WKN: 716460 / ISIN: DE0007164600

SAP-Aktie: Weitere Fortschritte in der Cloud, Profitabilität steigt - Aktienanalyse


02.05.18 16:10
DZ BANK

Frankfurt (www.aktiencheck.de) - SAP (ISIN: DE0007164600, WKN: 716460, Ticker-Symbol: SAP, Nasdaq OTC-Symbol: SAPGF) zeigt einen starken Geldfluss, so die Analysten der DZ BANK in einer aktuellen Veröffentlichung.

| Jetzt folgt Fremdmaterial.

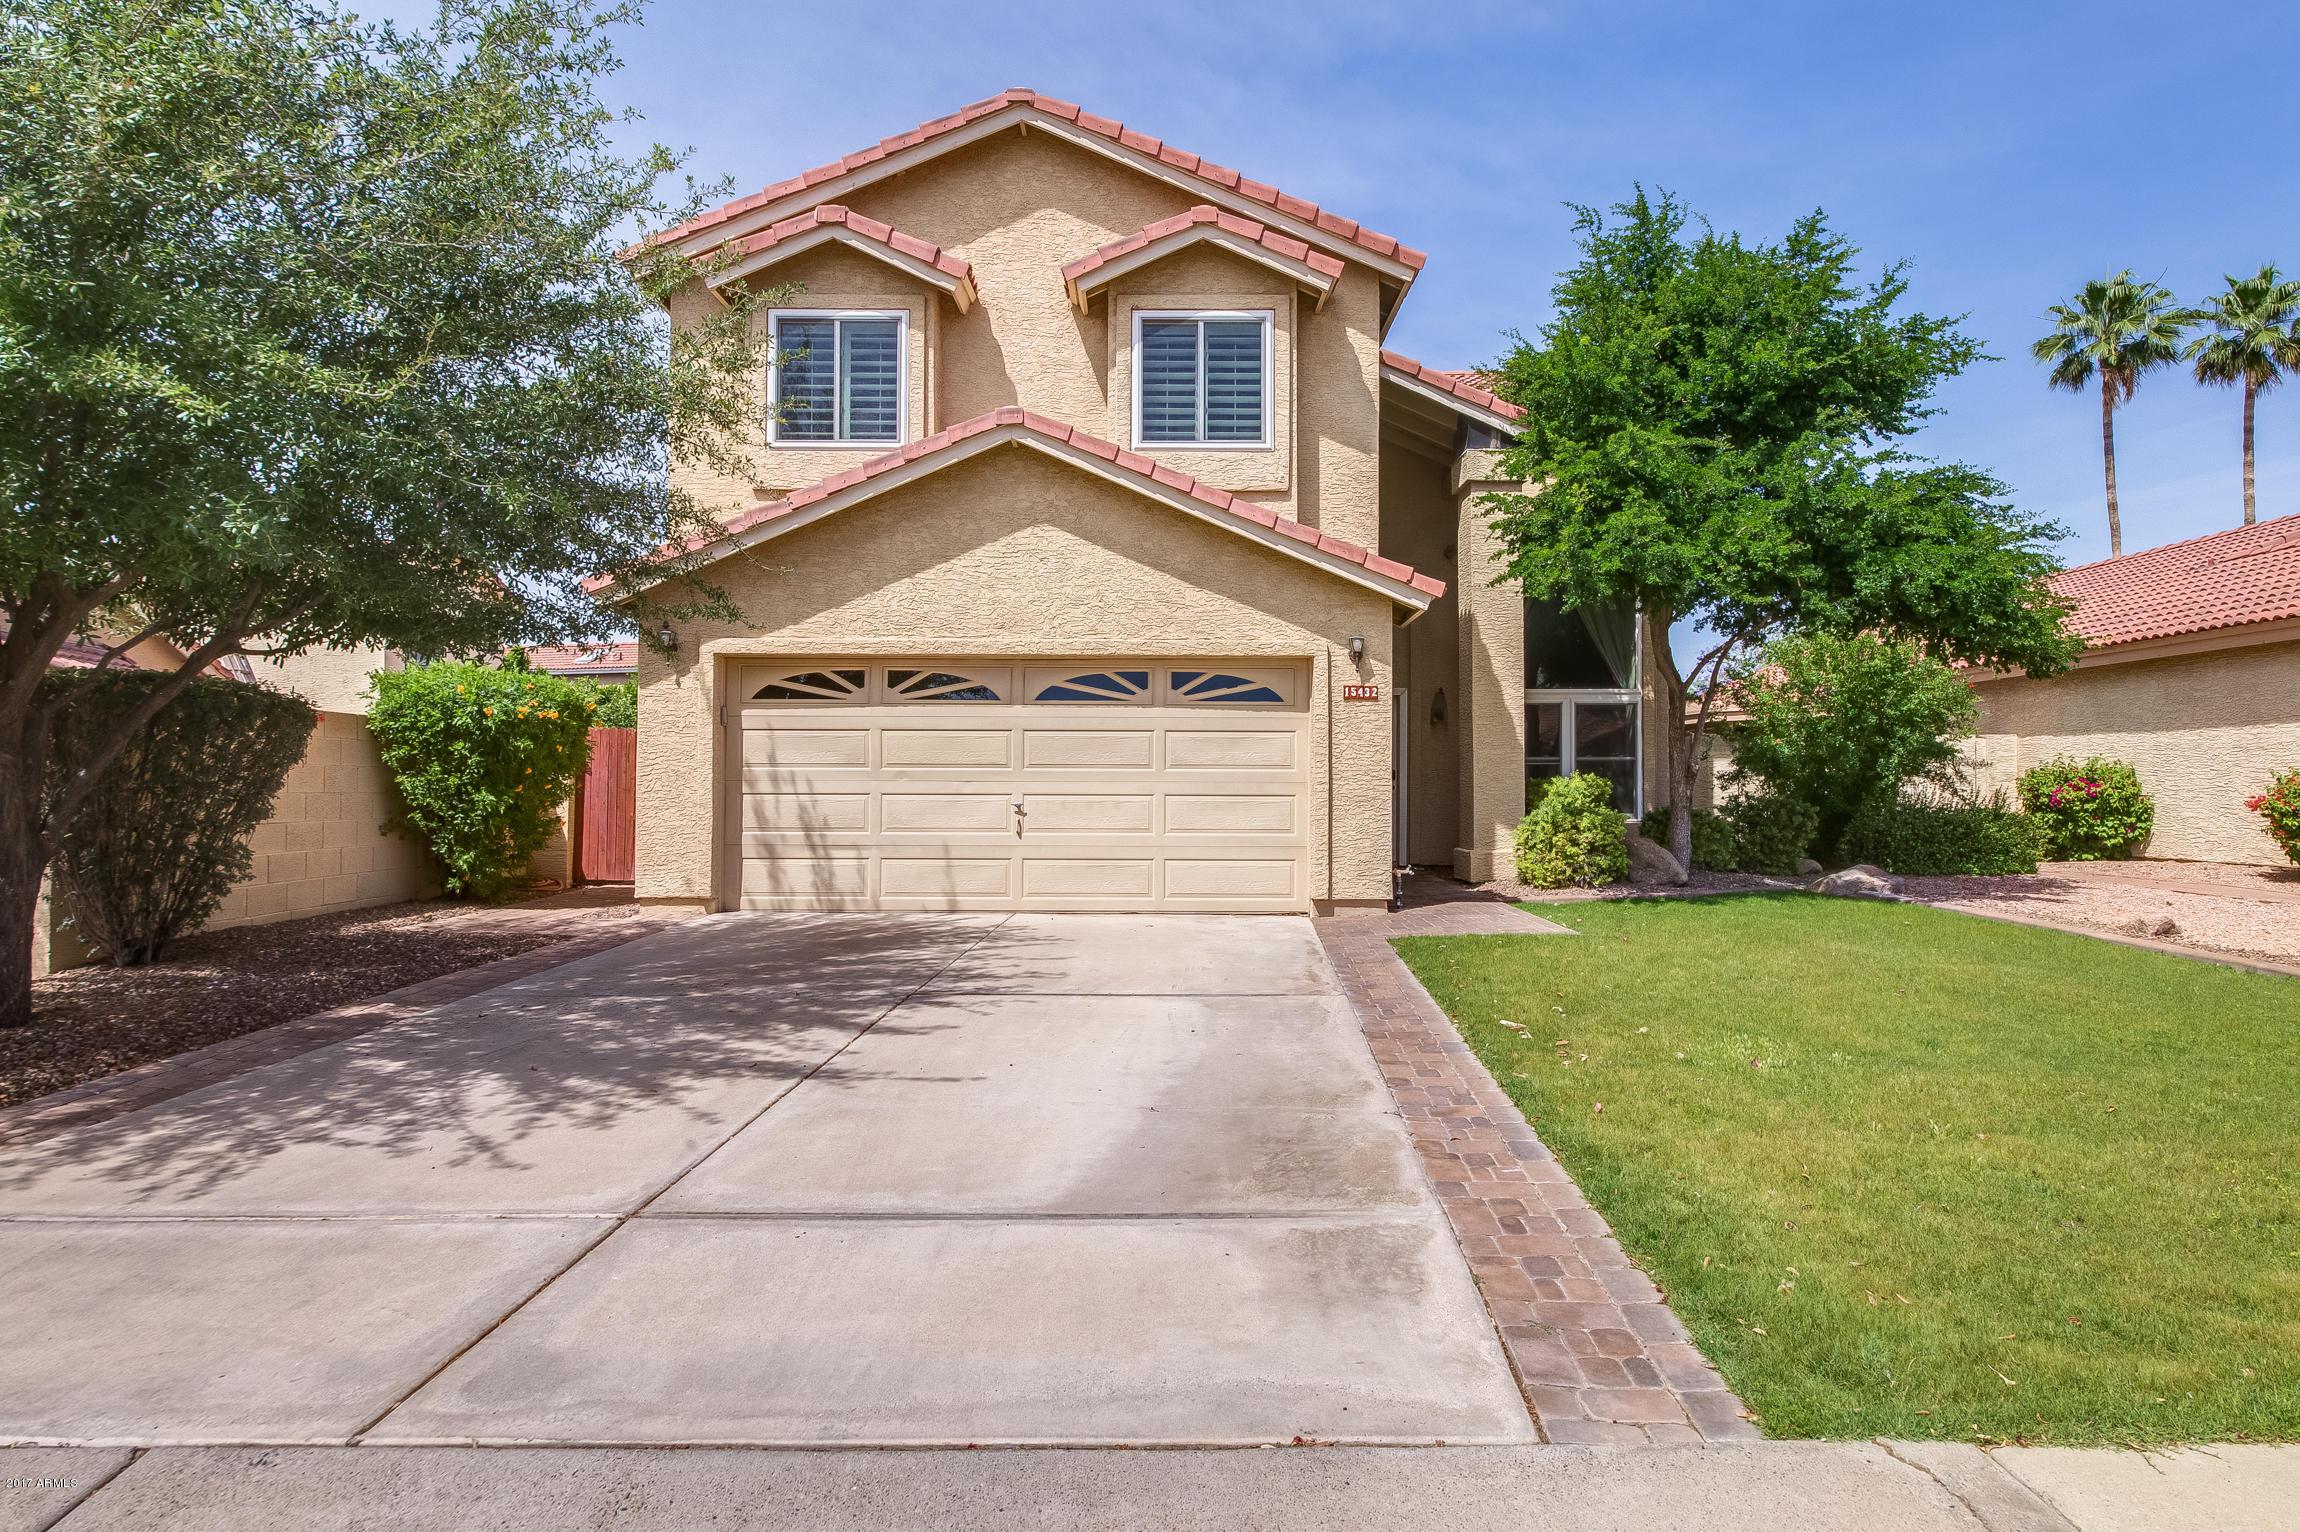 MLS 5909139 15432 S 37TH Street, Phoenix, AZ 85044 Phoenix (Ahwatukee) Homes for Rent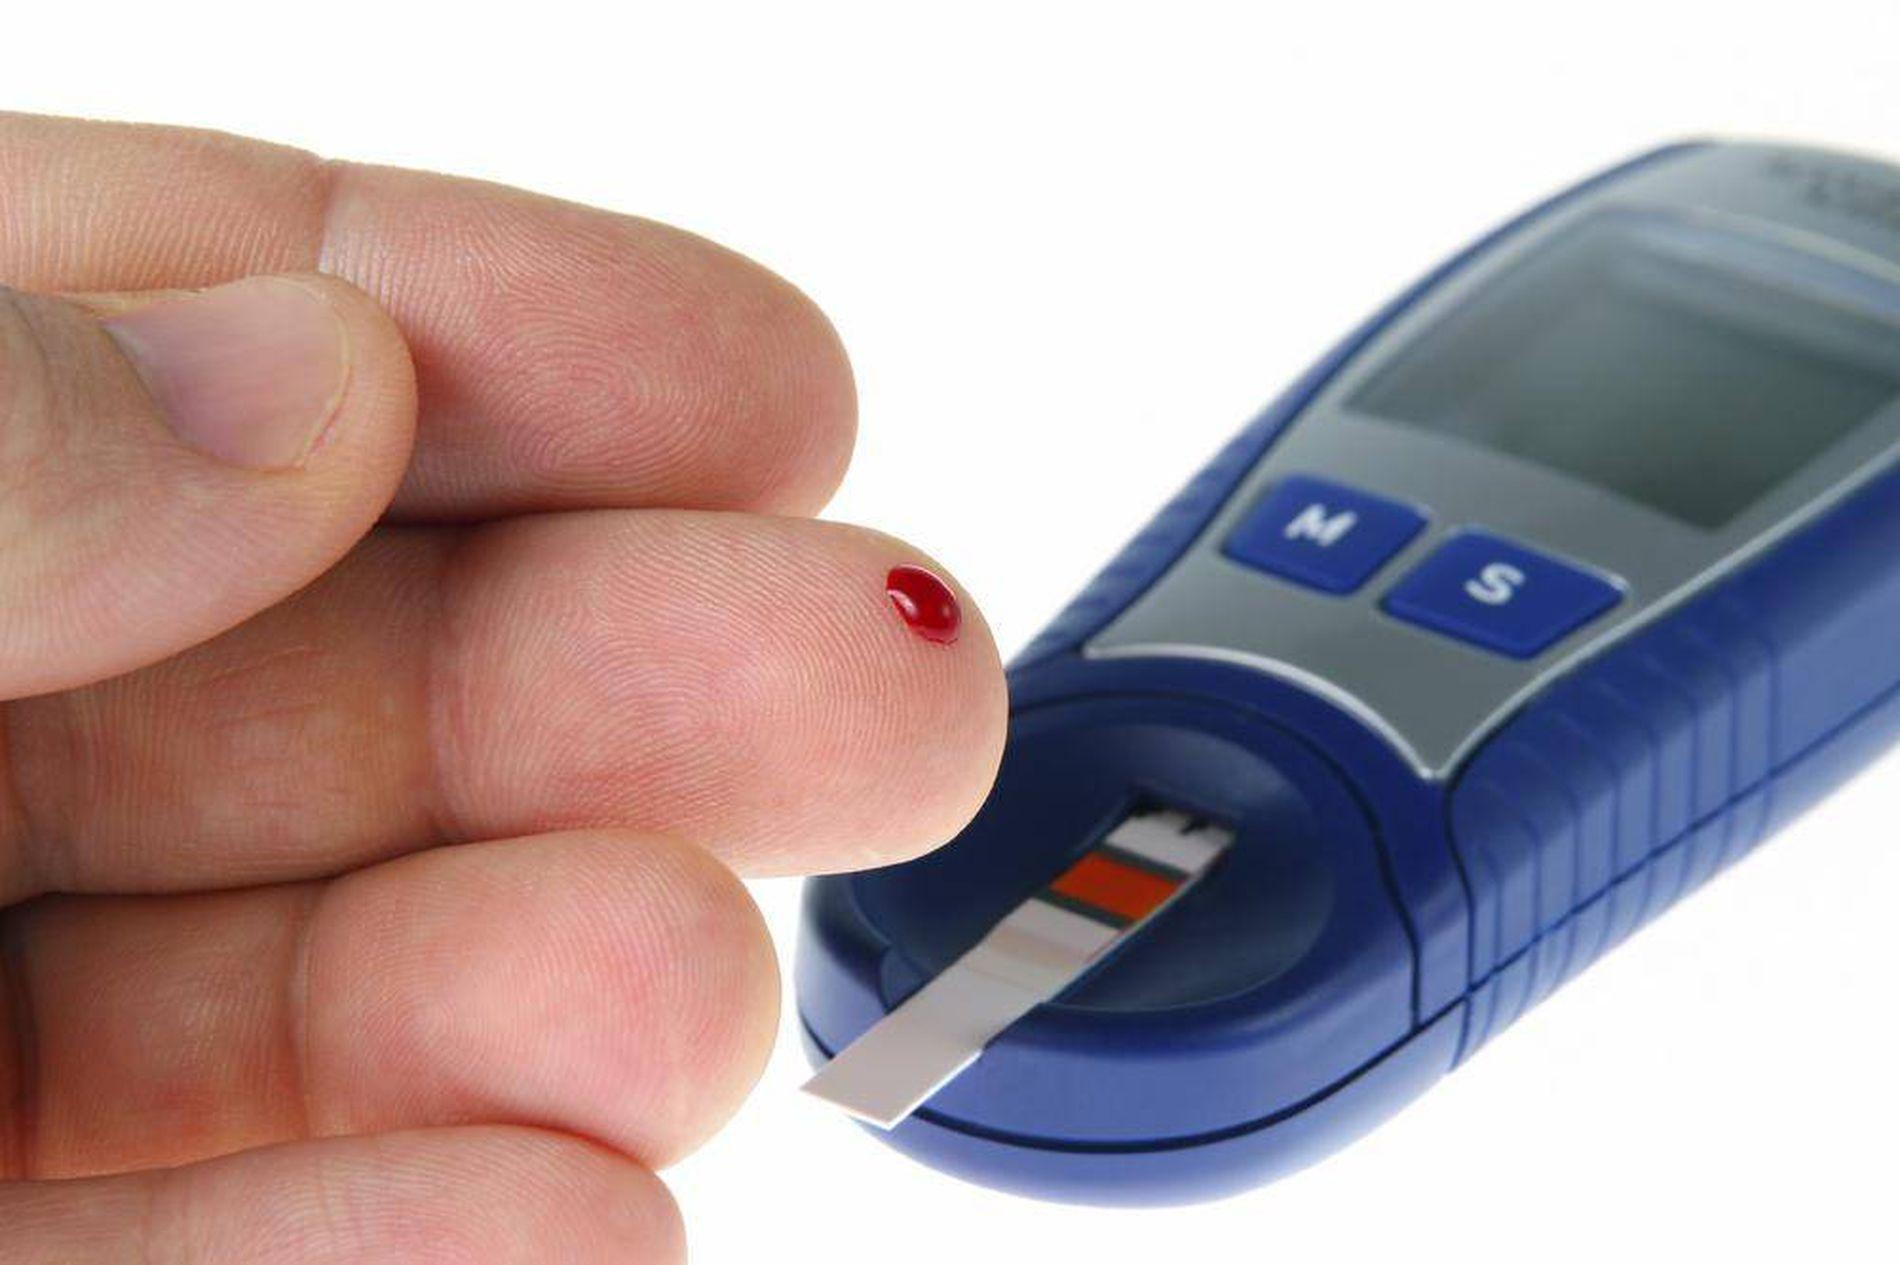 Mortality Rates Plummet Among Diabetes Sufferers

Der Cashflow, auch Geld- oder Kapitalfluss genannt, zähle zu den wichtigsten Kennzahlen bei der Bewertung von Unternehmen. Er gebe Aufschluss über den Umfang an Finanzmitteln, den eine Gesellschaft aus eigener Kraft erwirtschafte, und lasse damit Rückschlüsse bezüglich der Frage zu, wie stark sich das Unternehmen aus eigener Kraft, also von innen heraus finanzieren könne. Je mehr Geld ein Unternehmen mit seiner unternehmerischen Tätigkeit erwirtschafte, umso weniger sei es bei Expansions- und Investitionsvorhaben auf Fremdmittel wie Kredite angewiesen. Die betriebswirtschaftliche Kennzahl spiele zudem bei der Beurteilung der Kreditwürdigkeit bzw. der Einschätzung der künftigen Liquiditätsentwicklung eine wichtige Rolle. Der Cashflow sei ebenfalls für potenzielle Investoren von Bedeutung. Dies gelte insbesondere auch für börsennotierte Unternehmen und potenzielle Aktionäre.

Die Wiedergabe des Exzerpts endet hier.